IT'S that time of the year.
Our allegiances are made clear and the line in the sand (otherwise known as the Queensland-New South Wales border) is redrawn.
For some, it's just another night.
For others it is an excuse to drink beer, eat pies or pizza and get all rowdy.
But then there are those for whom this represents one of three nights in the year to see rugby league at its finest - a display of the best talent and skill.
These are the players at the peak of their game.
They are legends before they even run out onto the field.
Men want to be them, kids look up to them in awe. And don't those lovely tight jerseys do them all proud! (Sorry fellows. Ladies, there has to be something in it for us!)
Seriously though.

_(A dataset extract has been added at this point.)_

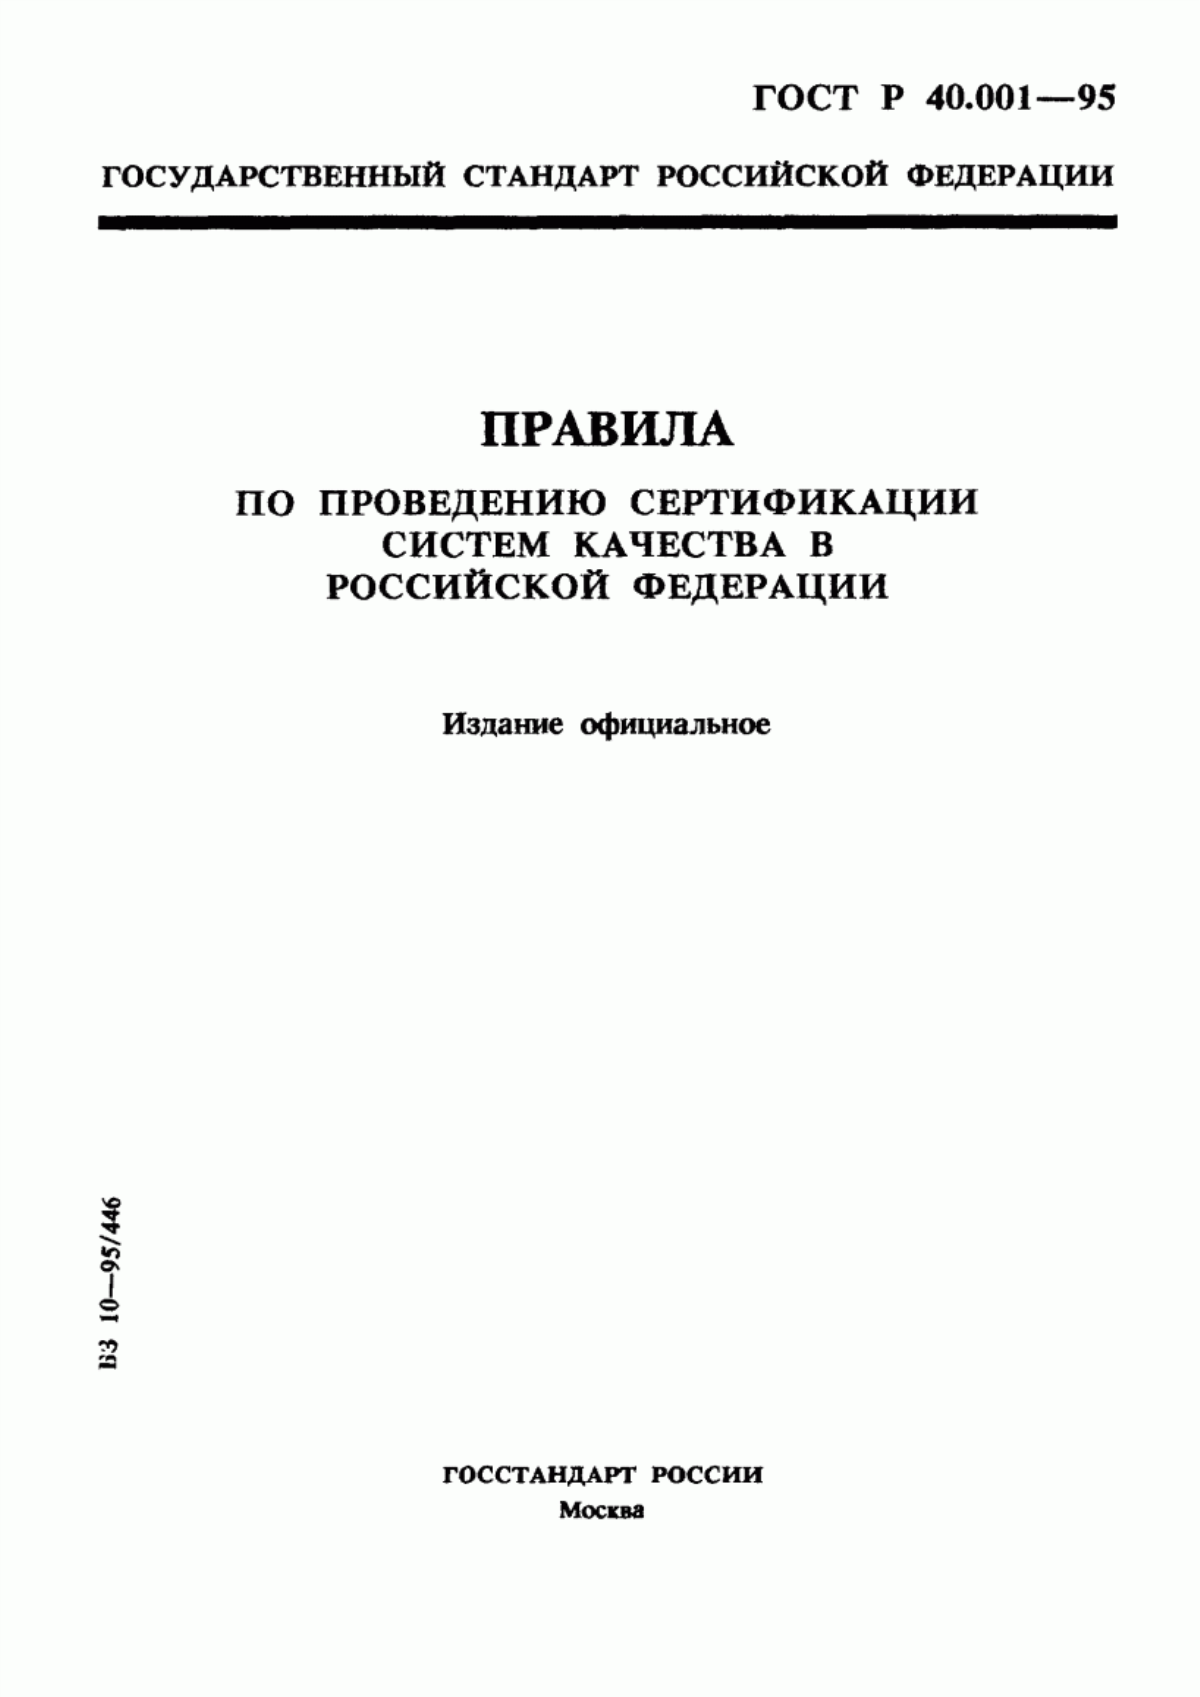 ГОСТ Р 40.001-95 Правила по проведению сертификации систем качества в Российской Федерации

This is the stuff dreams are made of.
As the proud mum of an aspiring under-8 rugby league star, I am reminded with great excitement of the significance and importance of tonight.
This is not an event to be taken lightly.
There will be cheers, tears and tantrums (and that's just in front of the TV).
There will be jubilation and sorrow - heartbreak even, for some.
But it's that passion that makes it so great.
It's also that passion, taken out on a footy field in Melbourne in front of tens of thousands of screaming, adoring fans, which makes this country so special.
It's what makes us tick.
With all due respect to the New South Welshmen (and women) among us - and we know there's a few of you around the region - for Queensland, tonight is all about continuing a stunning legacy born out of victory and time-honoured strength.
Plagued with illness, (gee, a Queenslander catching cold in Victoria - who would have thought it!?) our side will take to the park with victory on their minds.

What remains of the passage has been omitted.